PROBLEM STATEMENT → Take the entries below and print, exactly, the stretch from the line containing "BC Bronson Collection" through the line containing "Converse Coated Glitter", both included.

RECORD EXCERPTS →
----------------

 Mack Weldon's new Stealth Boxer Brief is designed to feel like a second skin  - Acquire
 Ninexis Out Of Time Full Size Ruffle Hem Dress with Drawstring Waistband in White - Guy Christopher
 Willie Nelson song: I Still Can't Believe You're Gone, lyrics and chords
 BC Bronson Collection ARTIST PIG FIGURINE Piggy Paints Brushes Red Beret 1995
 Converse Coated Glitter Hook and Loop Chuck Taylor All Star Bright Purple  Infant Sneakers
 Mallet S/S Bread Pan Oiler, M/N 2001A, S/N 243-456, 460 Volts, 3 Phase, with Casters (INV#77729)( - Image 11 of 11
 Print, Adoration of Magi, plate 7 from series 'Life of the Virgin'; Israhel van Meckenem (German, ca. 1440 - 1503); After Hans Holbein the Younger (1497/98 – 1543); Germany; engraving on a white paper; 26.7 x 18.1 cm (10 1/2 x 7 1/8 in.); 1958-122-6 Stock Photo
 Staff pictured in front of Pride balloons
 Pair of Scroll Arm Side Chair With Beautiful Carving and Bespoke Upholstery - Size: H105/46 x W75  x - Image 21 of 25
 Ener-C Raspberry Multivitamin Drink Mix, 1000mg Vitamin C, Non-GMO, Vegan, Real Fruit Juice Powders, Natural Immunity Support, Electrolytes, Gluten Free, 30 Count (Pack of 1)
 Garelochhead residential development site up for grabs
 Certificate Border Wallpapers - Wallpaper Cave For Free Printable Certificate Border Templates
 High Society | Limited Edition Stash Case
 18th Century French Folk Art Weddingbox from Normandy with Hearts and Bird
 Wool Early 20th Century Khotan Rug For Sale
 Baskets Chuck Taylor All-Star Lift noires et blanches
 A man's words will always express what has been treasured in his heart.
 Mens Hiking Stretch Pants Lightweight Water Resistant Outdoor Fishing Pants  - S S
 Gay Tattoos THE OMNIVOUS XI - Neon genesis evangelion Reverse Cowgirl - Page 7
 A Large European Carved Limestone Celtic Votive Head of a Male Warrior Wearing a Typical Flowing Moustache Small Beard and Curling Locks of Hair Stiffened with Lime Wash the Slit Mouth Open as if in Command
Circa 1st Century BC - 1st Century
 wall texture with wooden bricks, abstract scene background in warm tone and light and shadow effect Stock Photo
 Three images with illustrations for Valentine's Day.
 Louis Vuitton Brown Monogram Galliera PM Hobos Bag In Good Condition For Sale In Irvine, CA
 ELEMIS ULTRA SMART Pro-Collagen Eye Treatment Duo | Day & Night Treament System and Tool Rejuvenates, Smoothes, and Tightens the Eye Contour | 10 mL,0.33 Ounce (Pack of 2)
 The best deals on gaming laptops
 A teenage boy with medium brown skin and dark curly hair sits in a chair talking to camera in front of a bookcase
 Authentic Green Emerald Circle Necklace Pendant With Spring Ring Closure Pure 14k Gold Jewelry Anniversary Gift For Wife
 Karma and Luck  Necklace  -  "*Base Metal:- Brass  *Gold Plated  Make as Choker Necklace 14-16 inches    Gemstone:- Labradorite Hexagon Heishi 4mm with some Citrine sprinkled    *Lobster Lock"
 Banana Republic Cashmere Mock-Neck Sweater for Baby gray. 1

----------------

TASK RESPONSE →
 BC Bronson Collection ARTIST PIG FIGURINE Piggy Paints Brushes Red Beret 1995
 Converse Coated Glitter Hook and Loop Chuck Taylor All Star Bright Purple  Infant Sneakers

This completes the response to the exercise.